This change is particularly relevant to us because it involves the experimental tbayer.popups table. I'd like to start fully productionizing (including wikitech docs and an announcement). When I deploy this change, you'll need to use event.popups instead of tbayer.popups. The timestamp field will be removed in favor of dt, and userAgent will be a nested object instead of a JSON string, so you can use fields like useragent.is_bot, etc. in your queries.

I'm not going to remove tbayer.popups, but new data will no longer be inserted into it. Any objections to me doing this today or tomorrow?

Could this be held off two more days, when the data collection for this one ends (T178500)? Having to join two tables with incompatible formats is likely to add a lot of unnecessary complexity to the analysis.

Ah great! Didn't realize it was ending so soon.
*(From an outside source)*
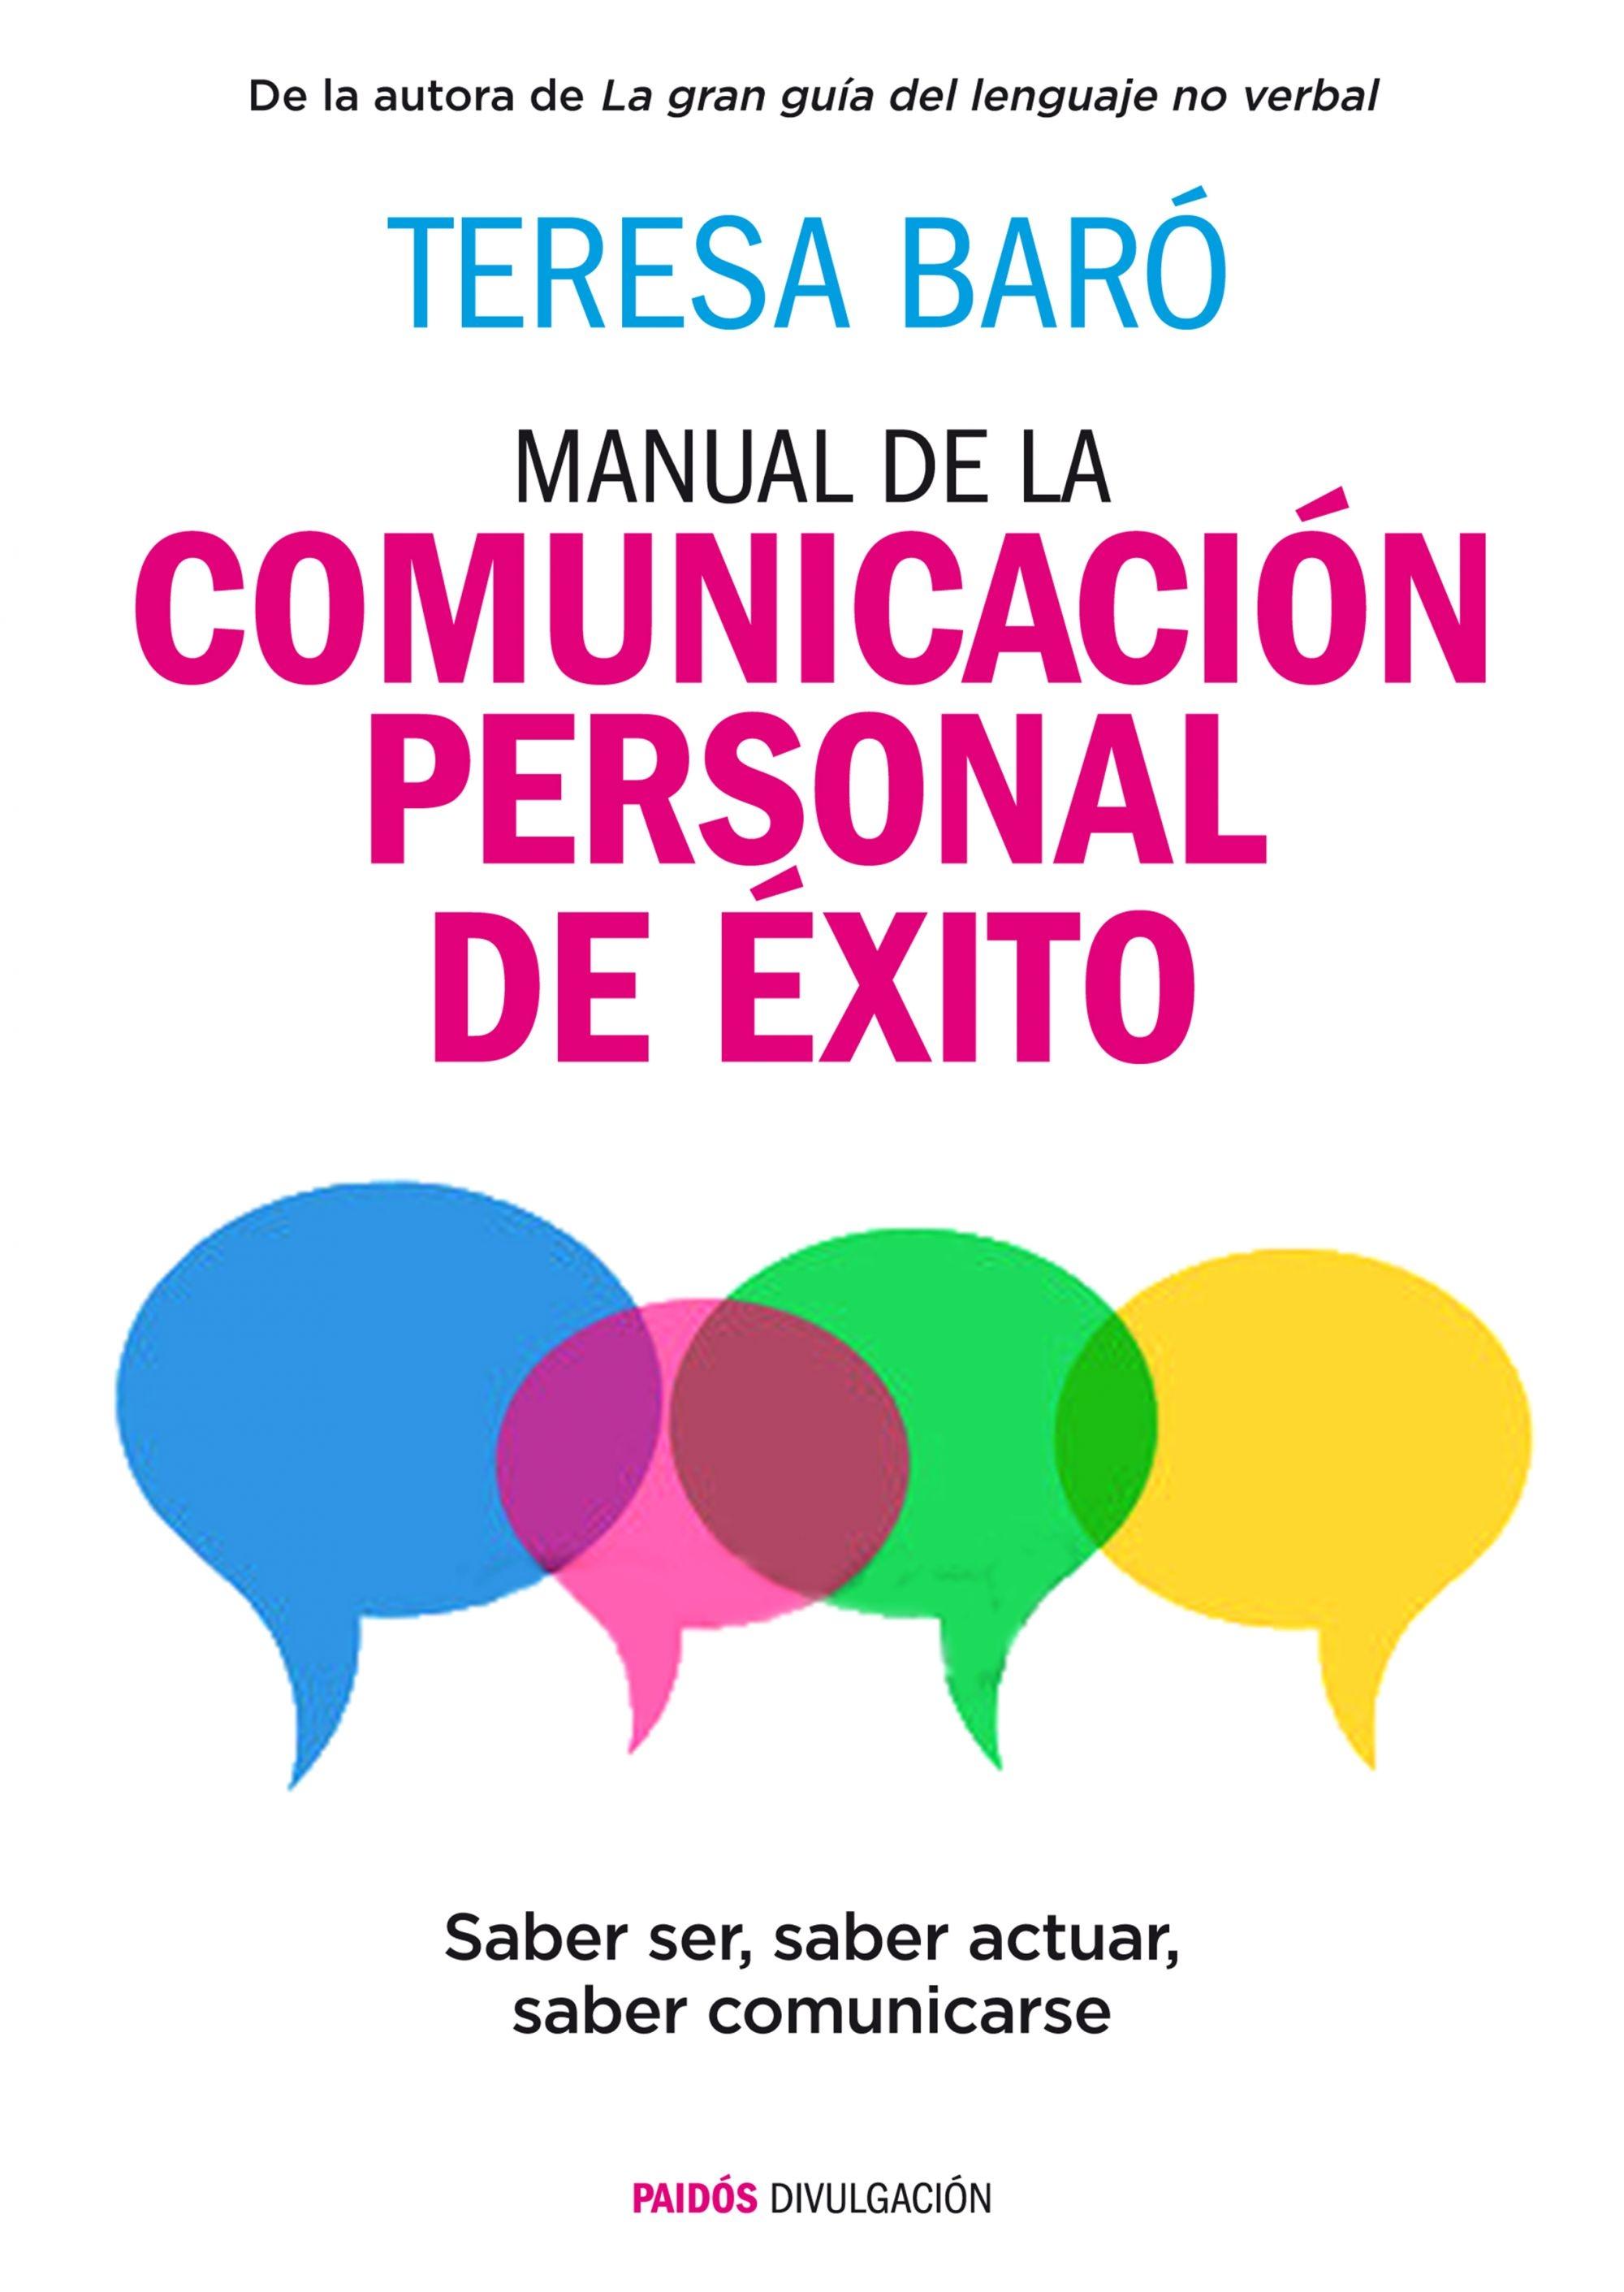 Manual de la comunicación personal de éxito "Saber ser, saber actuar, saber comunicarse"

That's fine, we can wait.

Having to join two tables with incompatible formats is likely to add a lot of unnecessary complexity to the analysis.

You wouldn't have to join two tables; everything that is currently in tbayer.popups will also be in event.popups.
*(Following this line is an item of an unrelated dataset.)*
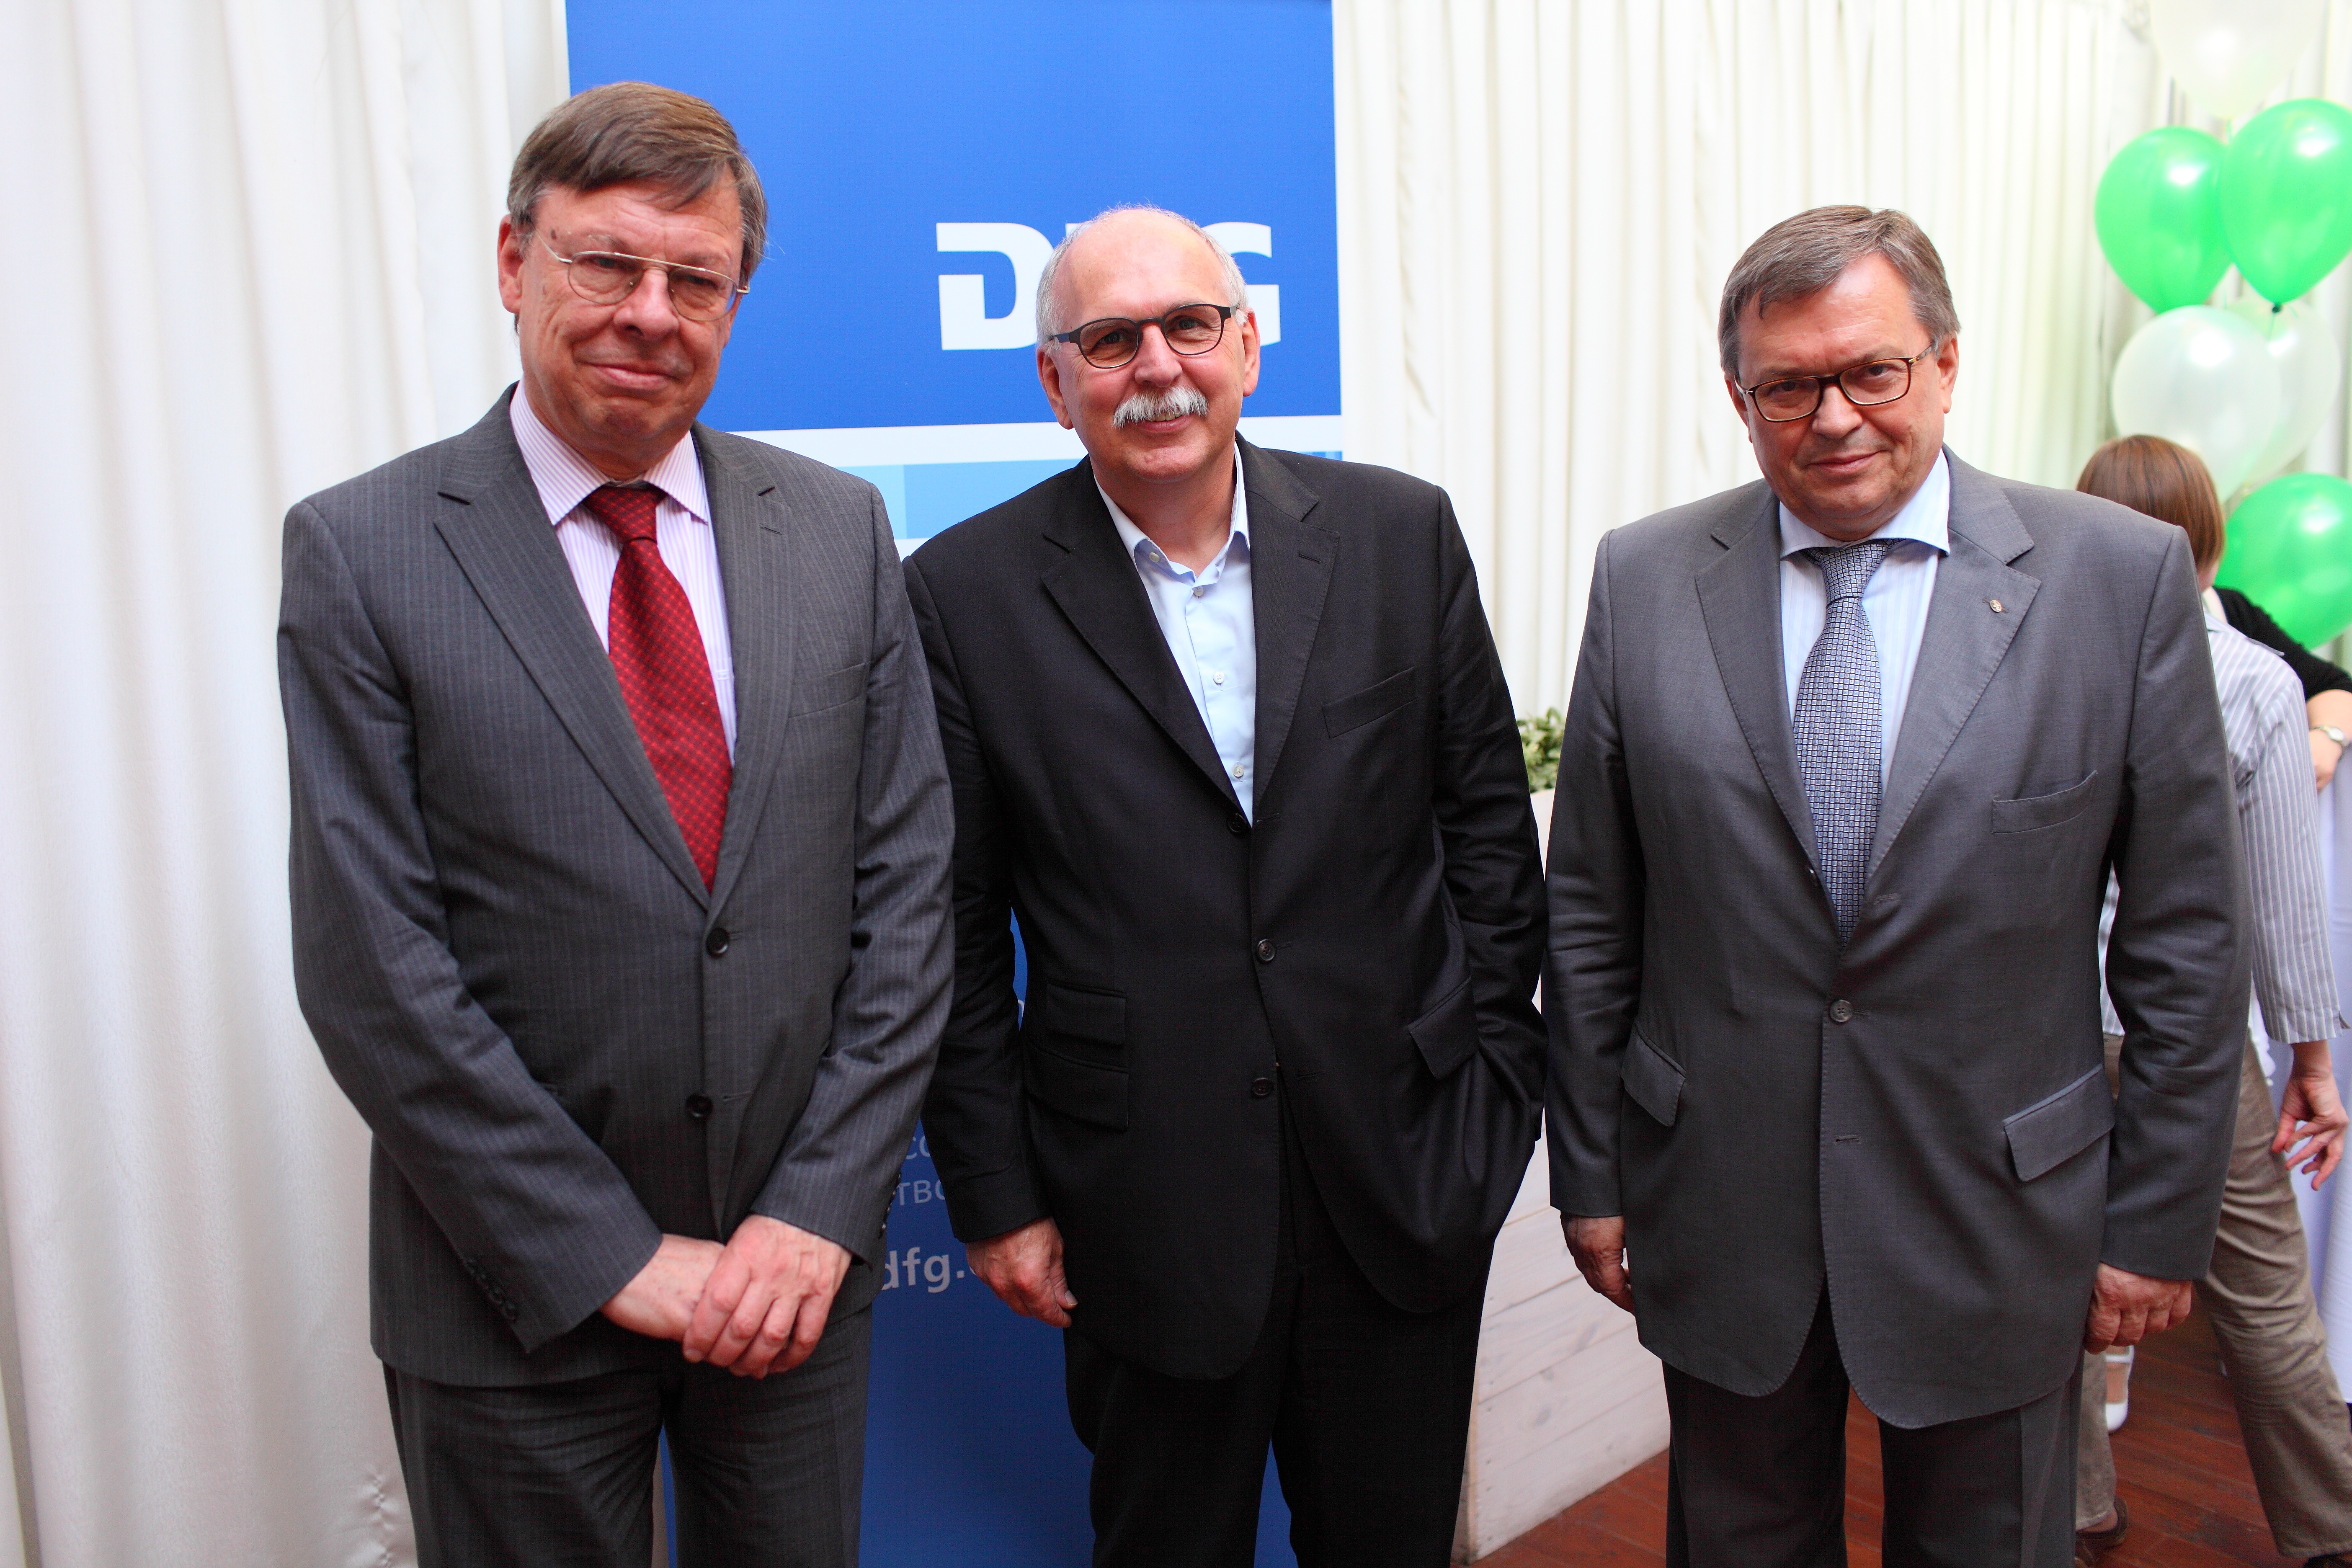 Sommerempfang 2012: Botschafter Brandenburg, DFG-Präsident Kleiner, RFFI-Vorsitzender Panchenko

But even so, I'm fine with waiting until next week if that makes the experiment easier.

Thanks! This has stopped now (T178500), so feel free to go ahead.

Mentioned in SAL (#wikimedia-analytics) [2017-11-20T15:45:15Z] <ottomata> deploying fixes to EL EventCapsule discrepancies: https://phabricator.wikimedia.org/T179625#3755242

Change 391023 merged by Ottomata:
[operations/puppet@production] Temporarily disable EventLogging refine jobs

https://gerrit.wikimedia.org/r/391023

Change 389722 merged by Ottomata:
[operations/puppet@production] EventLogging analytics capsule discrepency fixes

https://gerrit.wikimedia.org/r/389722

Change 392468 had a related patch set uploaded (by Ottomata; owner: Ottomata):
[operations/puppet@production] Fix coal to use EventCapsule dt instead of timestamp

https://gerrit.wikimedia.org/r/392468

Mentioned in SAL (#wikimedia-operations) [2017-11-20T19:47:05Z] <ottomata> restarted coal with fixes for eventcapsule changes in T179625

Change 392468 merged by Ottomata:
[operations/puppet@production] Fix coal to use EventCapsule dt instead of timestamp

https://gerrit.wikimedia.org/r/392468

Change 392473 had a related patch set uploaded (by Ottomata; owner: Ottomata):
[operations/puppet@production] Remove eventlogging_refine_test temporary class

https://gerrit.wikimedia.org/r/392473

Change 392473 merged by Ottomata:
[operations/puppet@production] Remove eventlogging_refine_test temporary class

https://gerrit.wikimedia.org/r/392473

ALllriiight! Capsule changes all deployed and good. Json Refine jobs restarted and moving along nicely.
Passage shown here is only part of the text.